## [Your objective]
An exact copy of the listing is required, with its pictures removed.

## [Data shown]
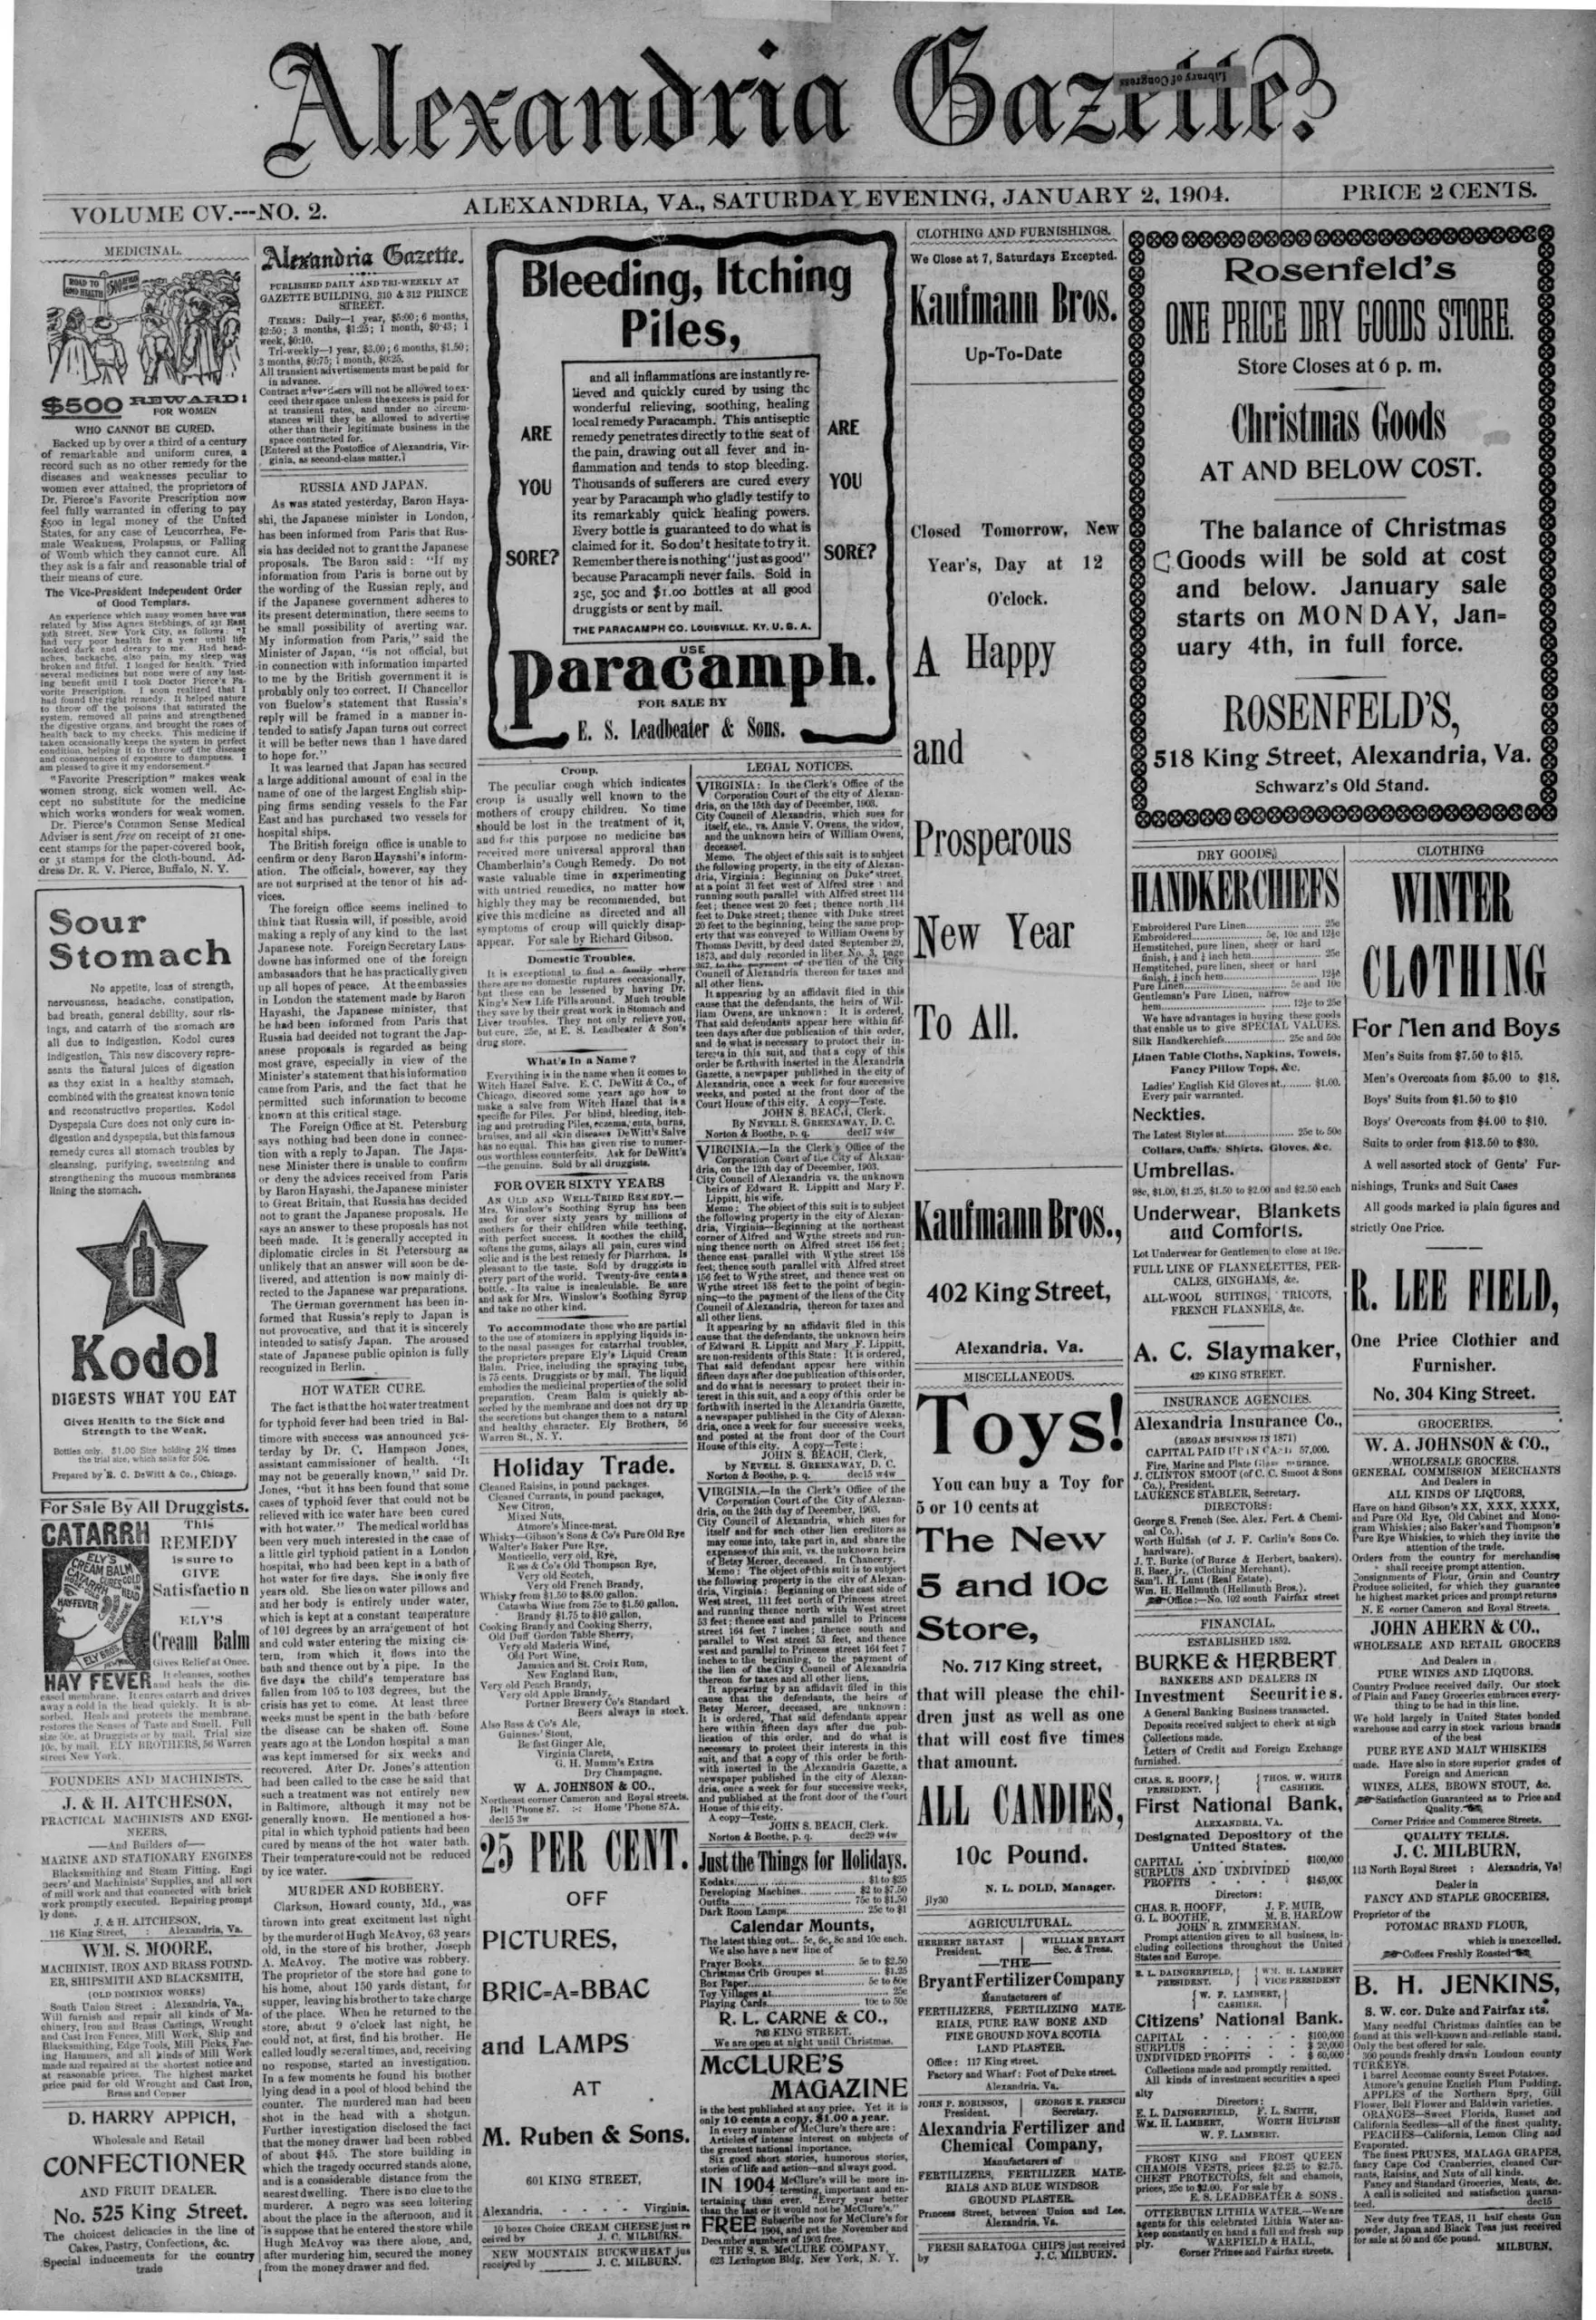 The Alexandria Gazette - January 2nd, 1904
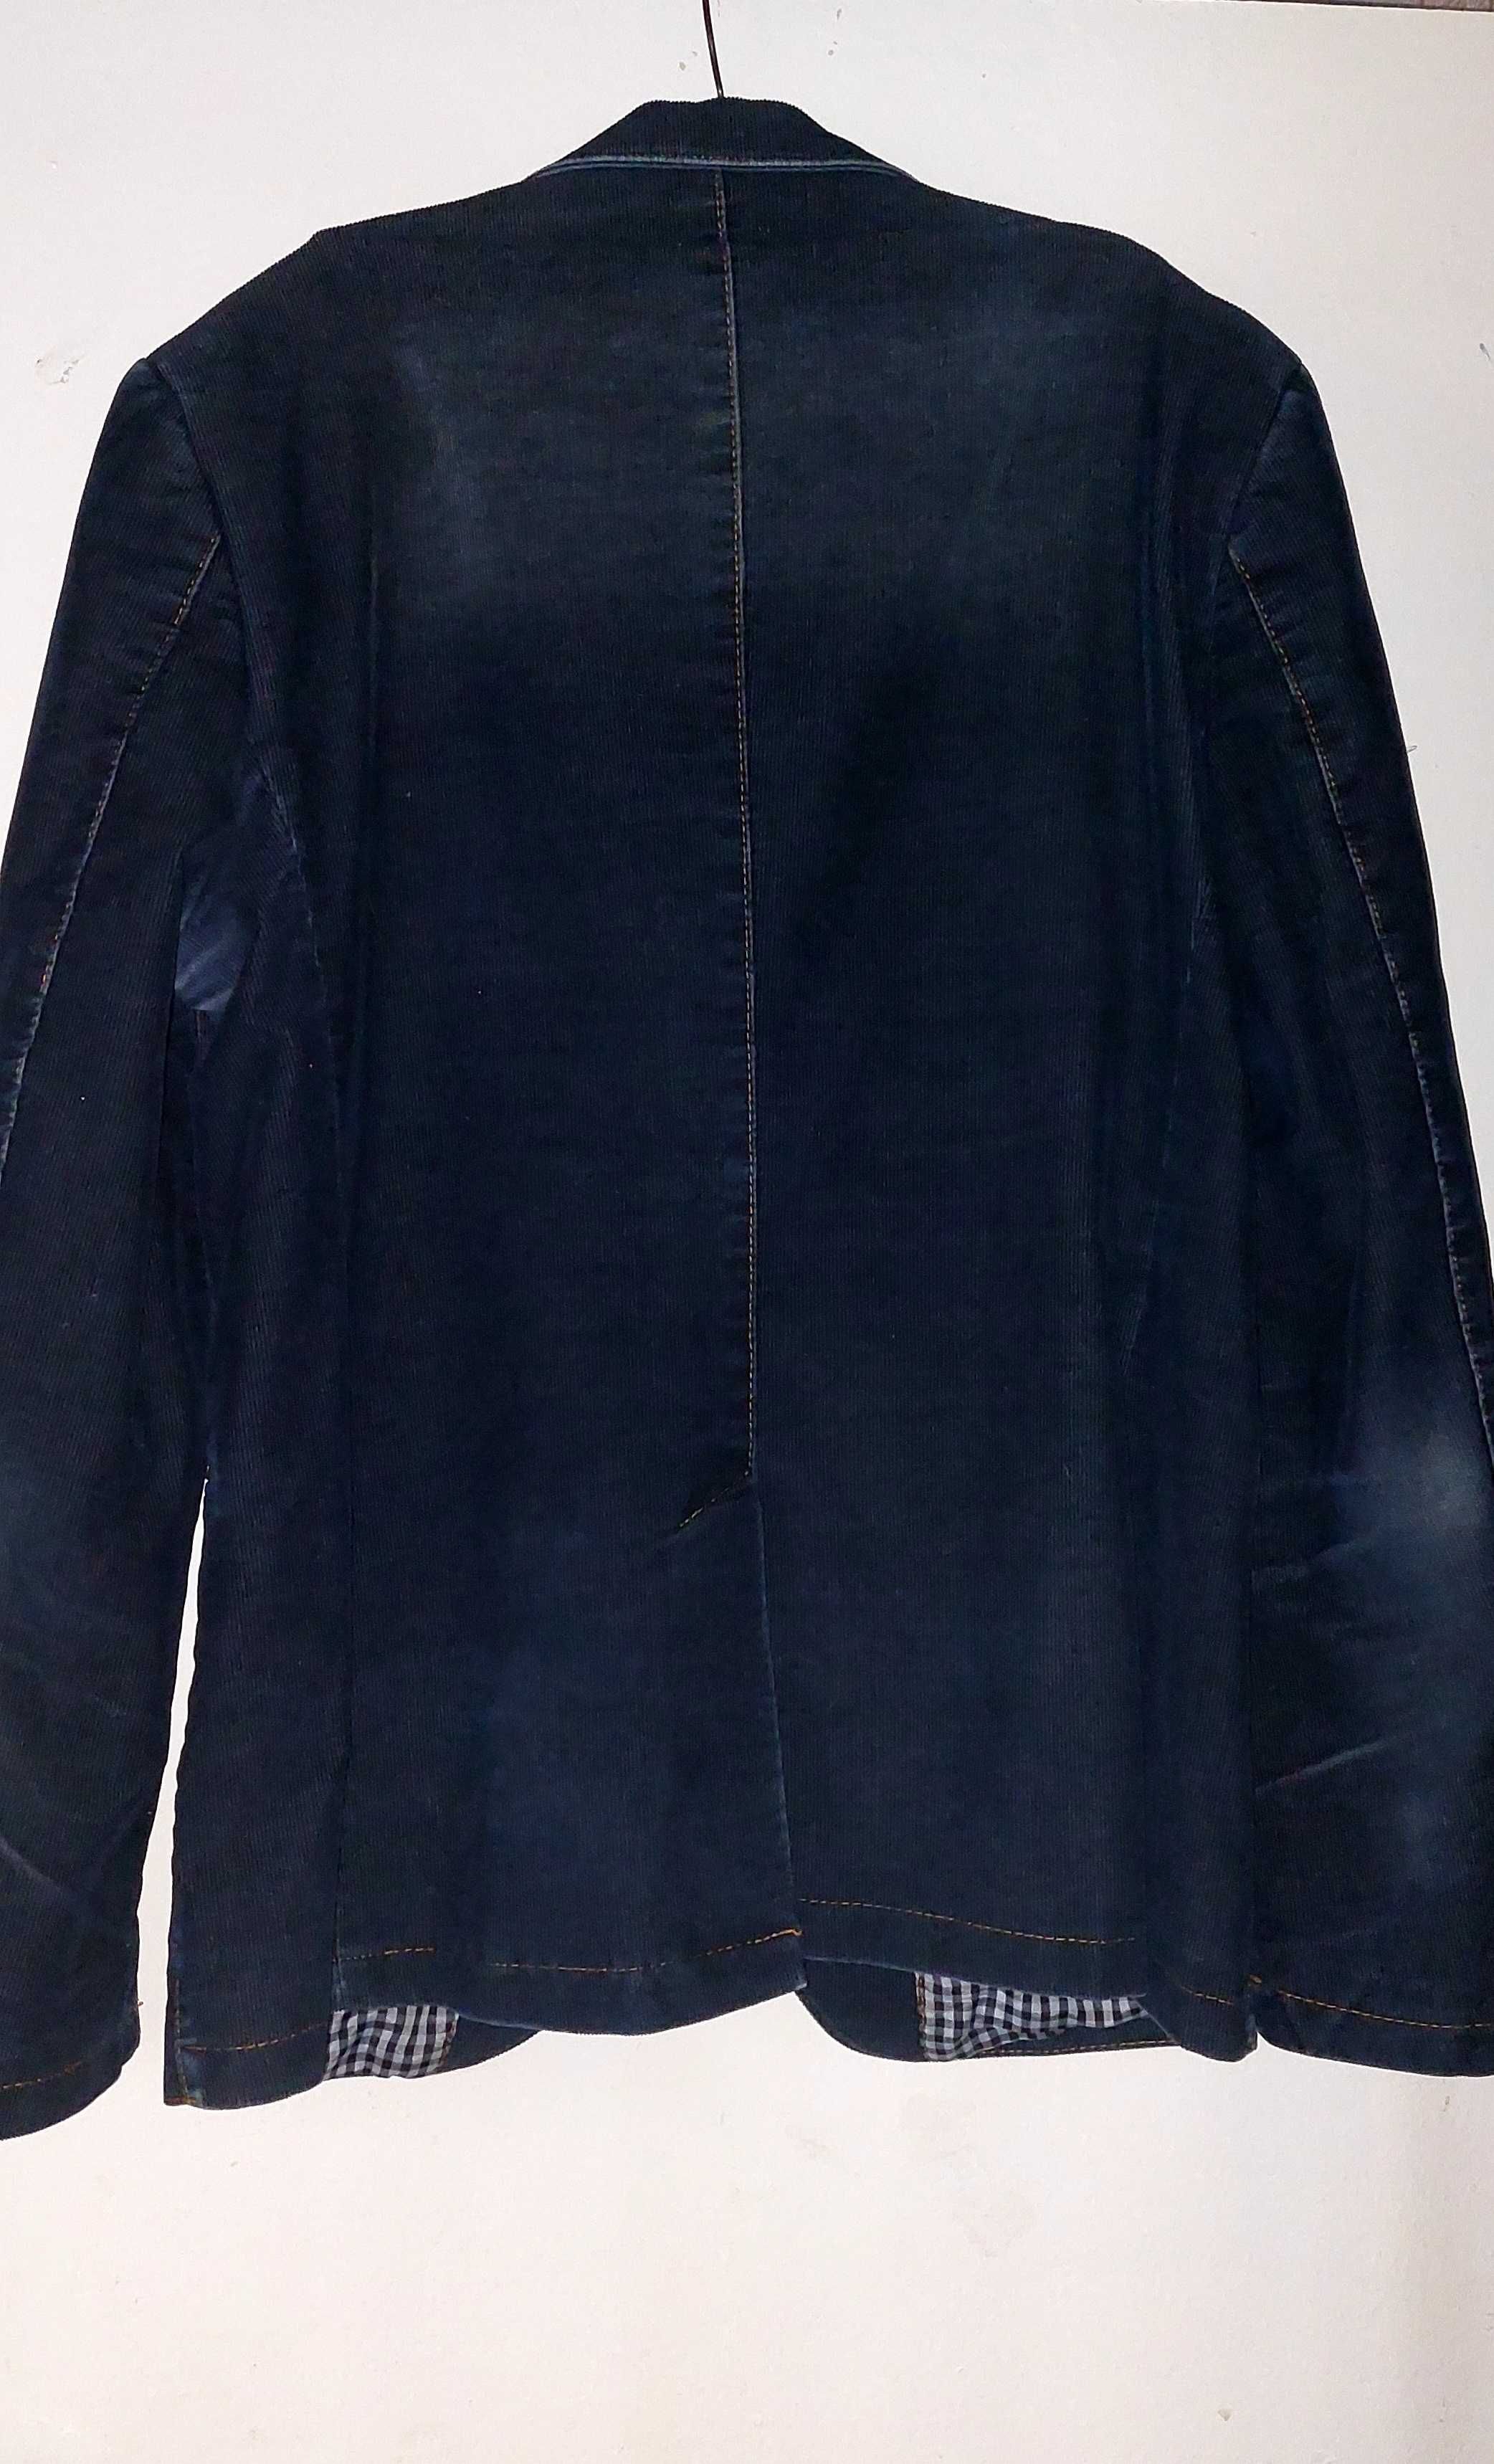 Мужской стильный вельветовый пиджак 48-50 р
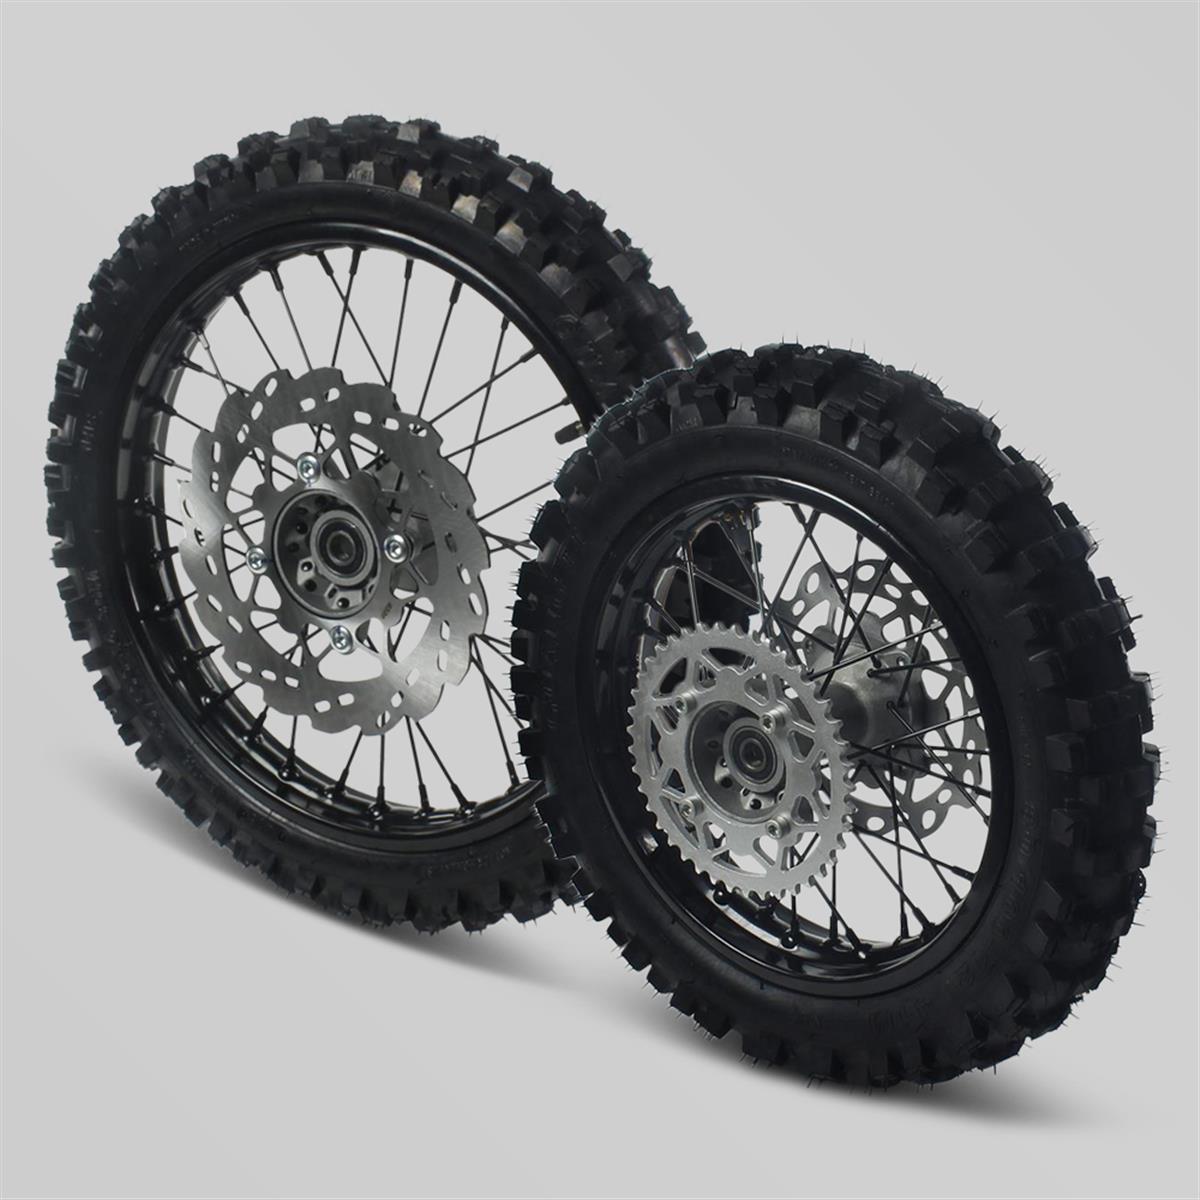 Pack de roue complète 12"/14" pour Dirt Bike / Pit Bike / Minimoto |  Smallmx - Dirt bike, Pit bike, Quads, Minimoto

## [Answer to this exercise]
 The Alexandria Gazette - January 2nd, 1904
 Мужской стильный вельветовый пиджак 48-50 р
 Pack de roue complète 12"/14" pour Dirt Bike / Pit Bike / Minimoto |  Smallmx - Dirt bike, Pit bike, Quads, Minimoto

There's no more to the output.